Exact reproduction is required for the lines below starting at the line with "Instituto de Matemáticas" and ending at the line with "ピッコーネ アッチェッソーリ スカーフプリント", both included. No other lines, and no pictures.

#### MATERIAL FOR THIS EXERCISE

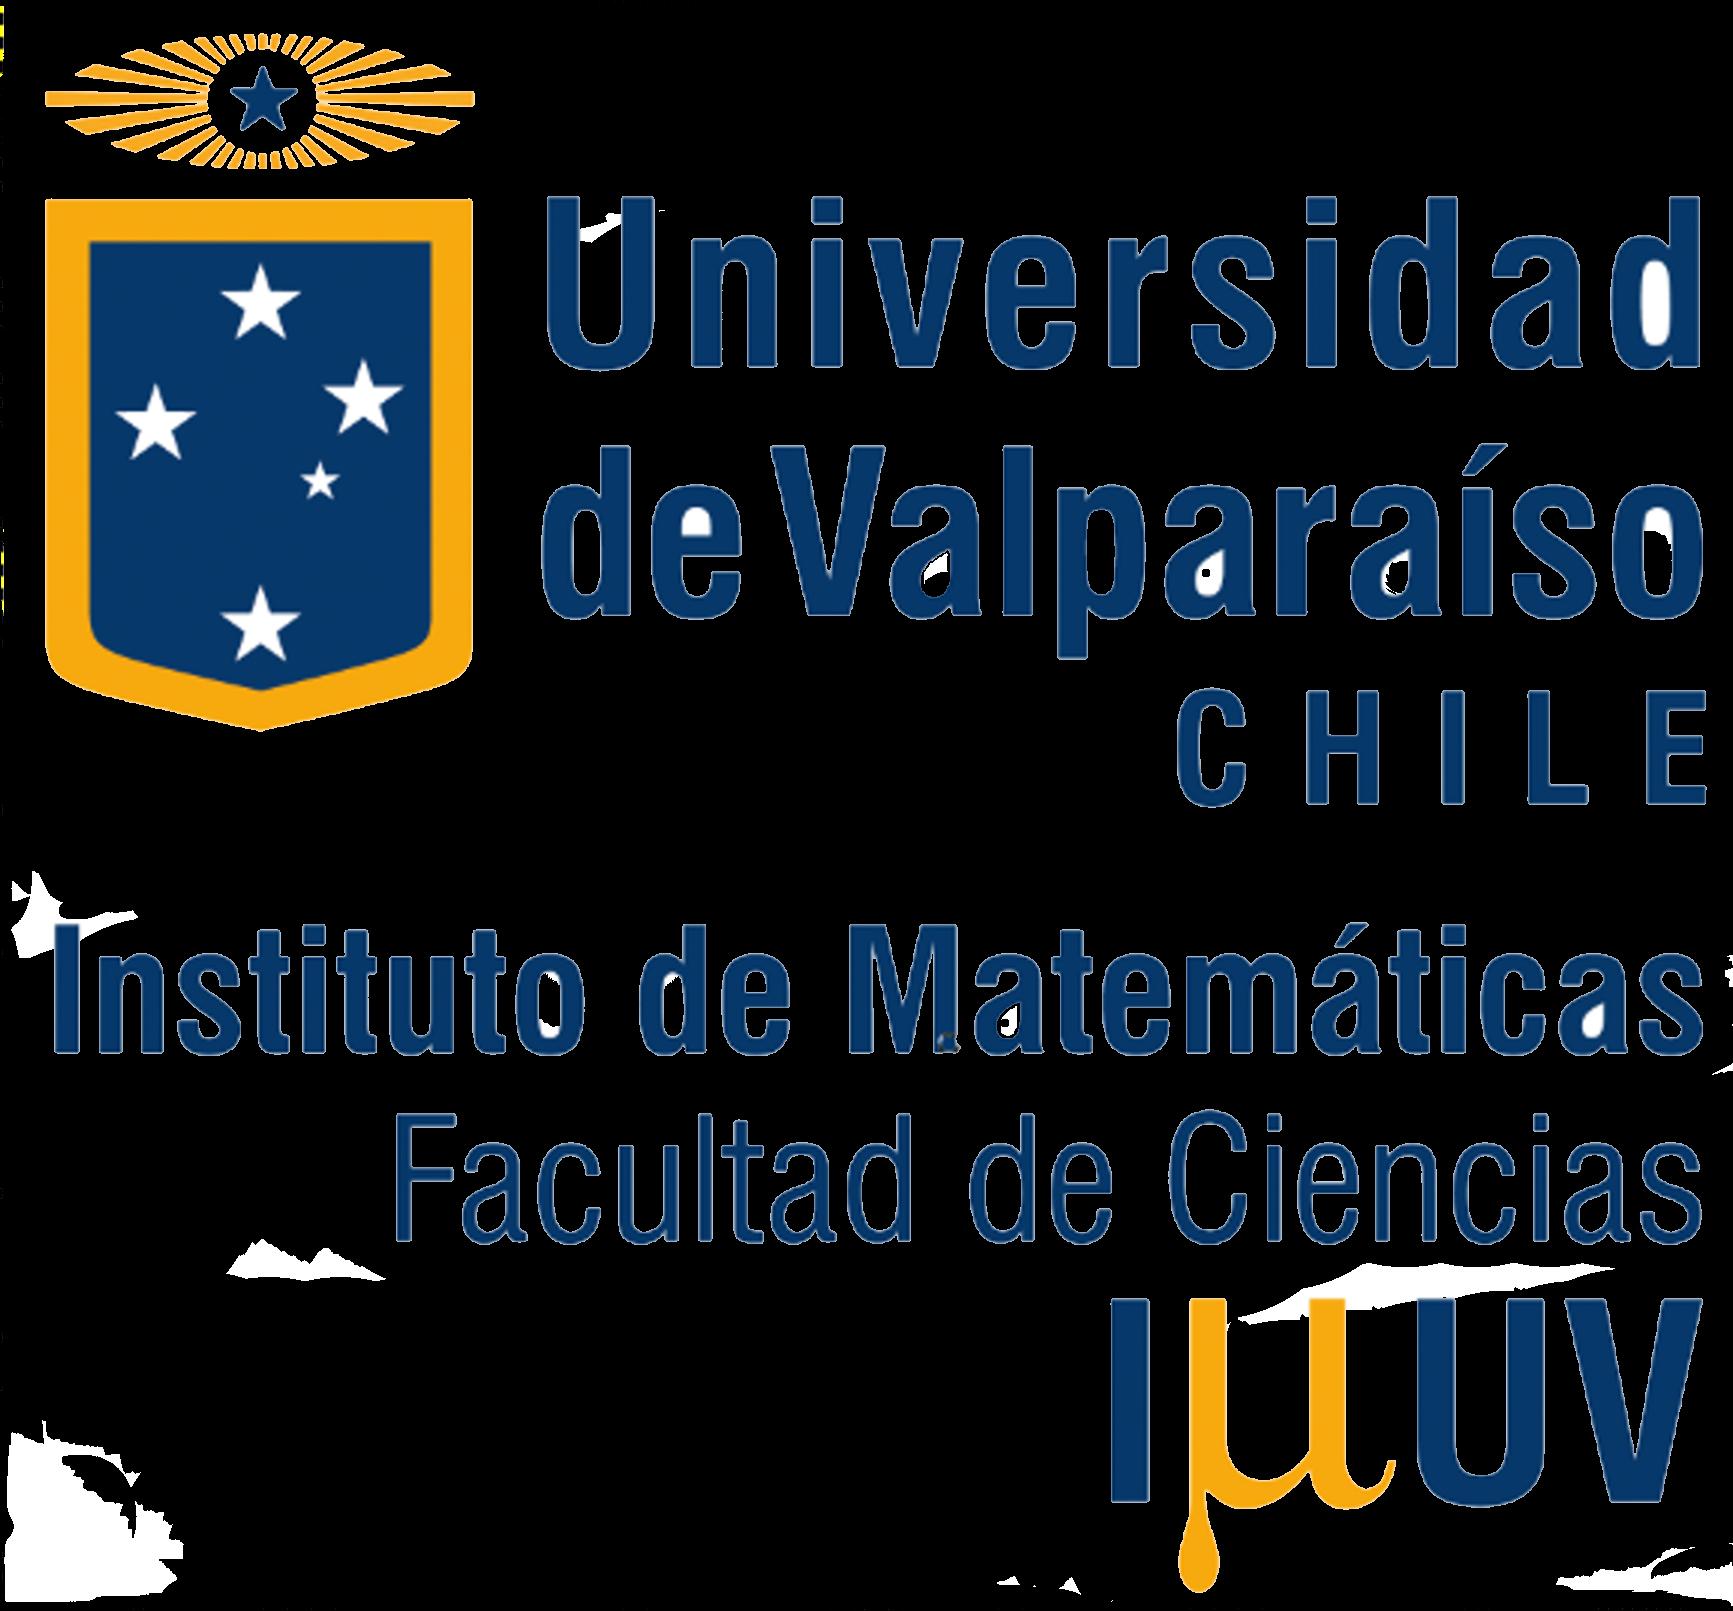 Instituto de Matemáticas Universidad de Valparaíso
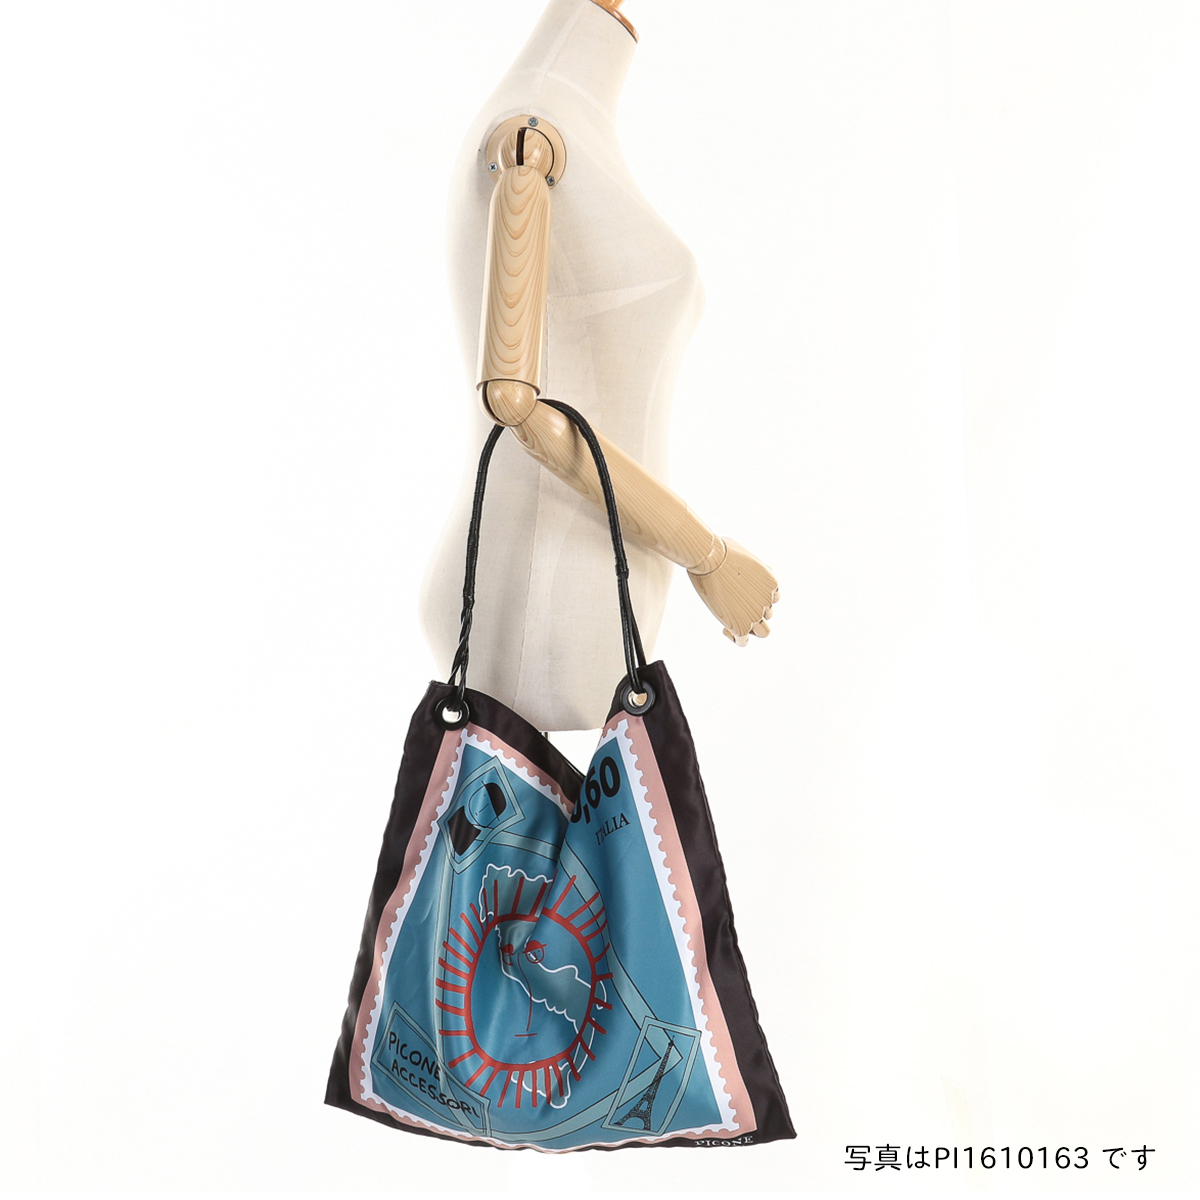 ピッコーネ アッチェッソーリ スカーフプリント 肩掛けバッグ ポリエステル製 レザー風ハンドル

########
#### MATERIAL FOR THIS EXERCISE

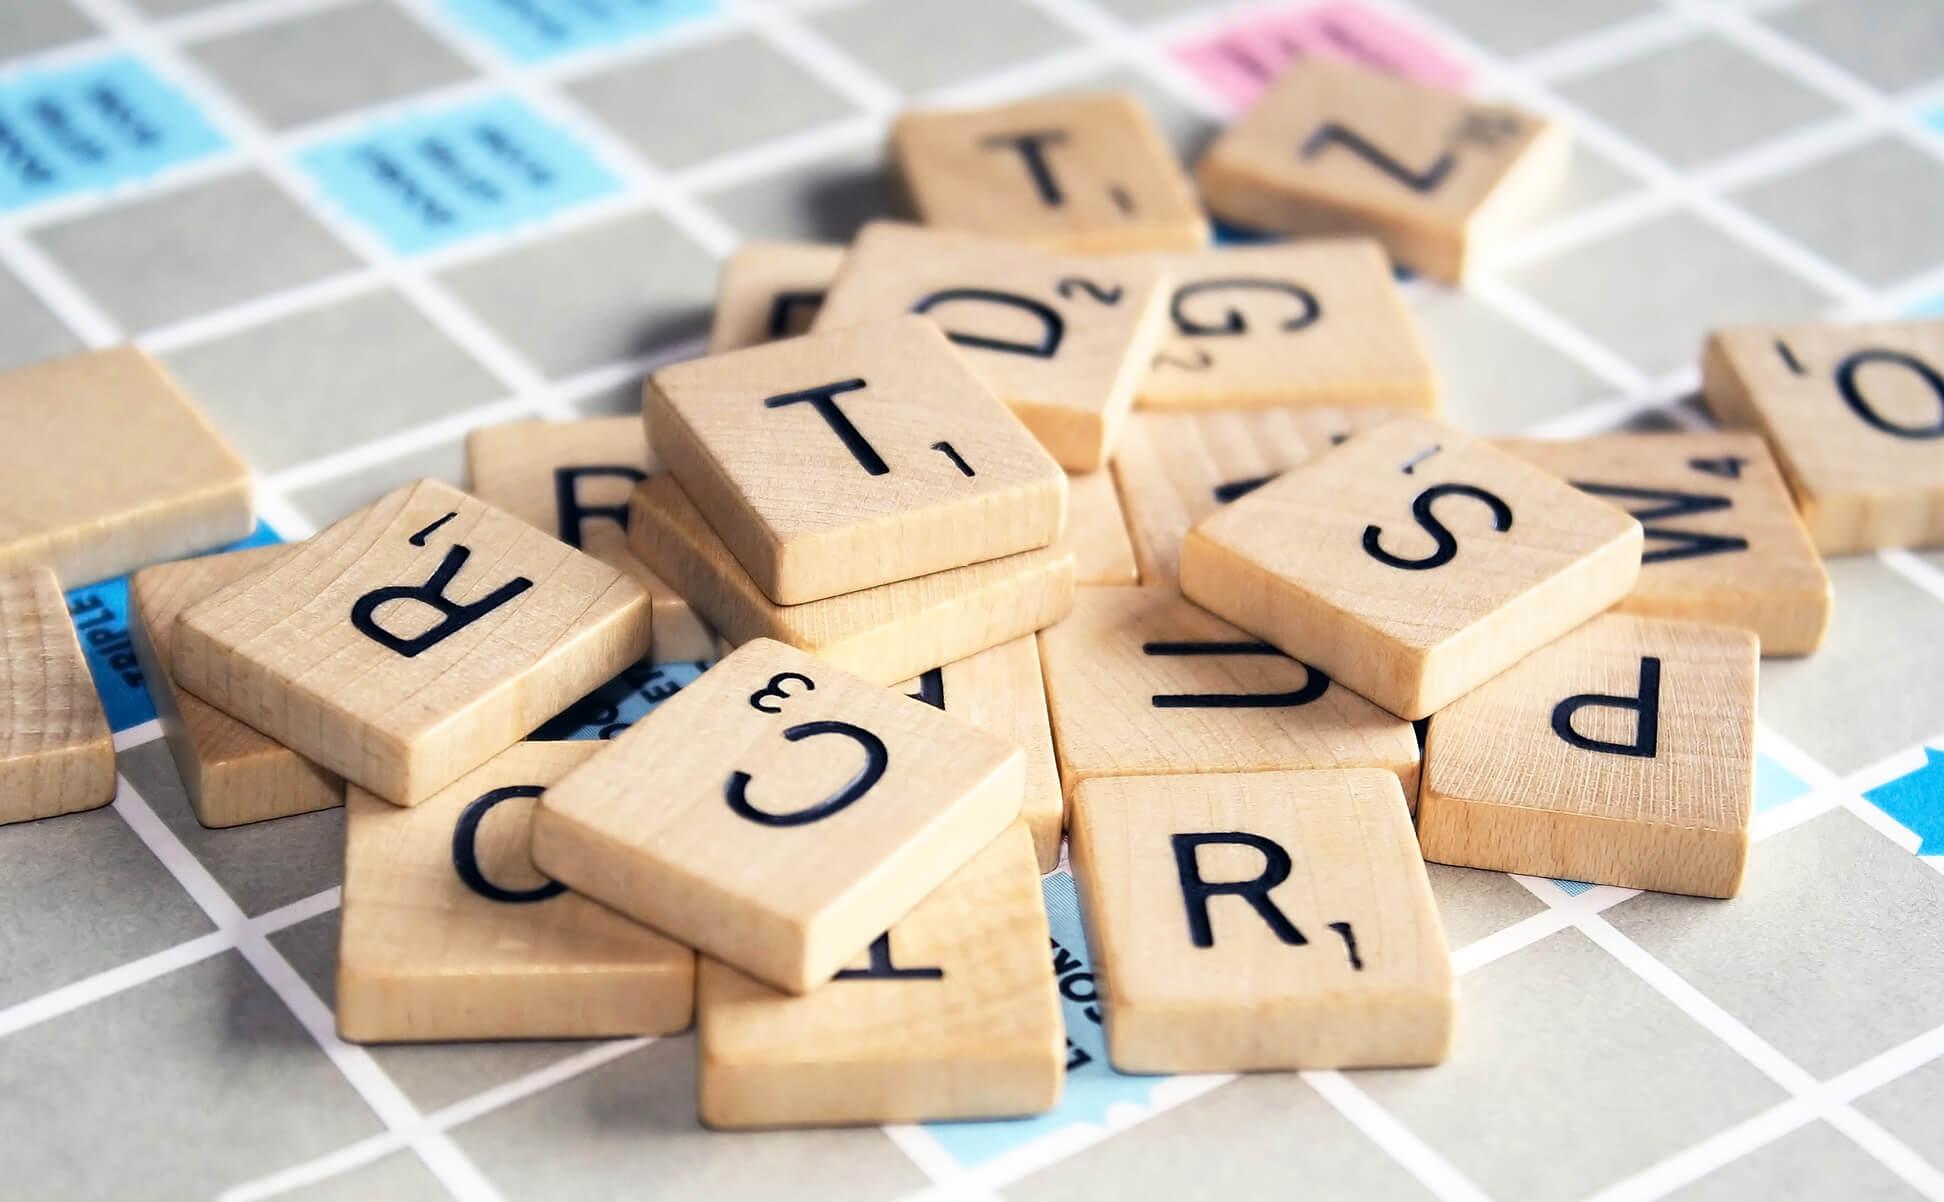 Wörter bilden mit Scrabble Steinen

########
#### MATERIAL FOR THIS EXERCISE

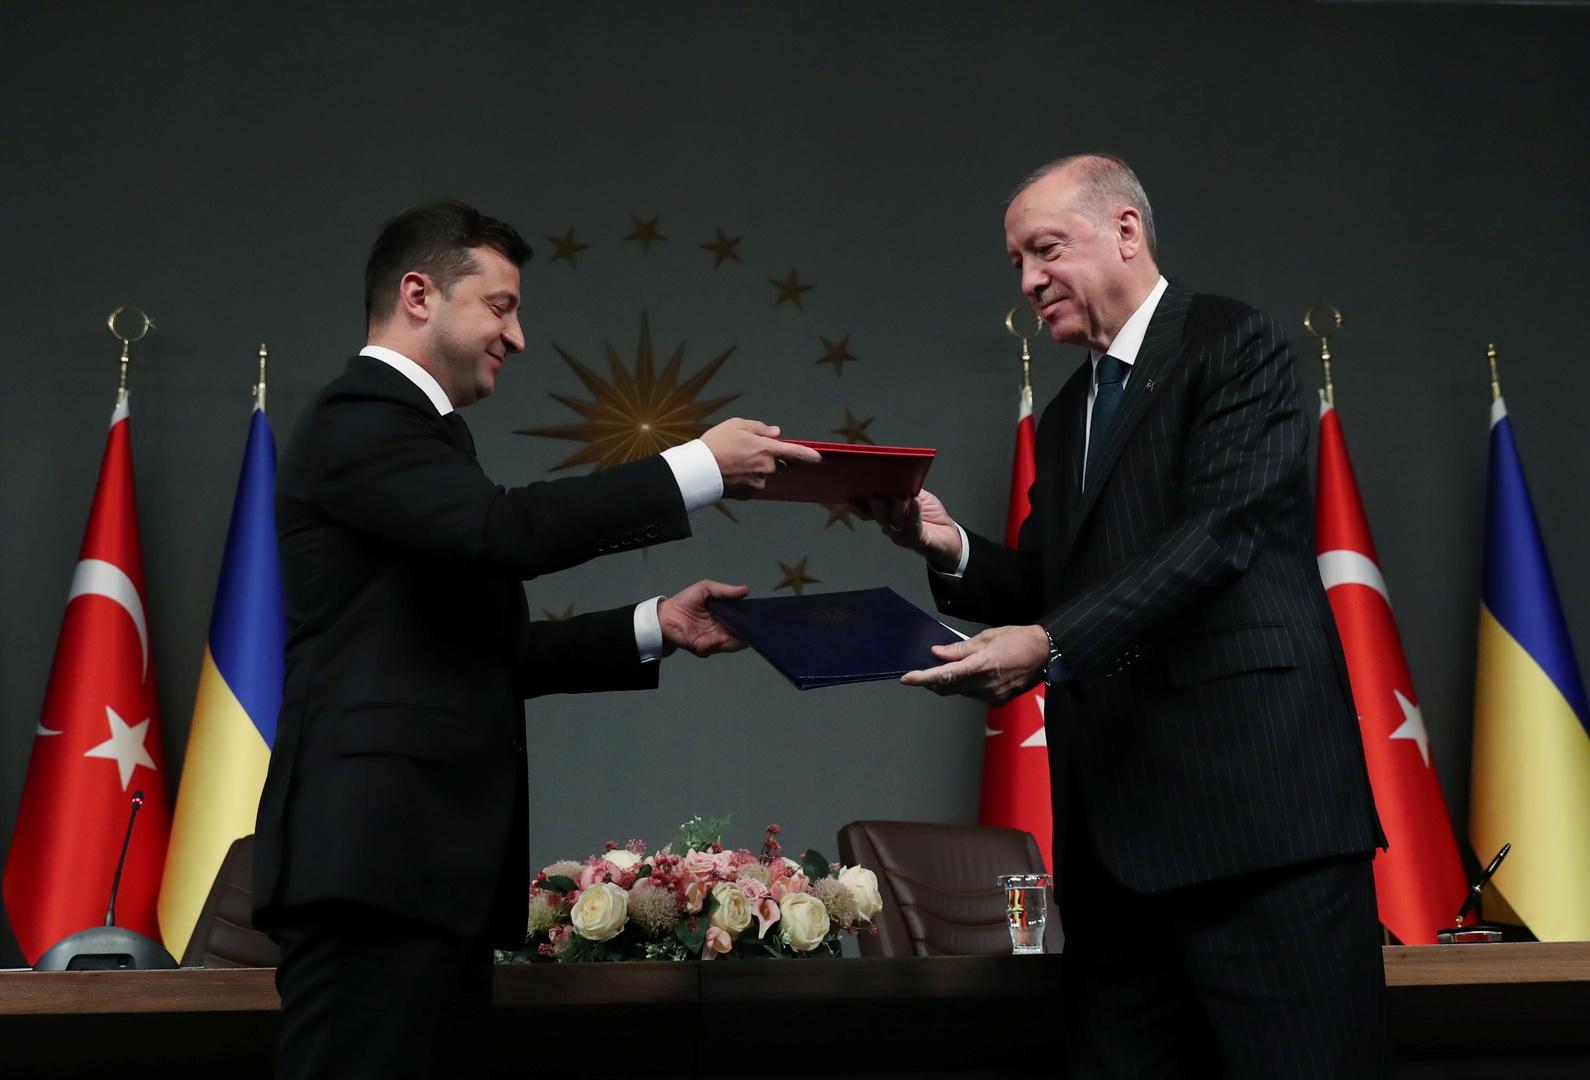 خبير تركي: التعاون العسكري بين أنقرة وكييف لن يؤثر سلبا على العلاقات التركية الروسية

########

▶ FINISHED TASK
 Instituto de Matemáticas Universidad de Valparaíso
 ピッコーネ アッチェッソーリ スカーフプリント 肩掛けバッグ ポリエステル製 レザー風ハンドル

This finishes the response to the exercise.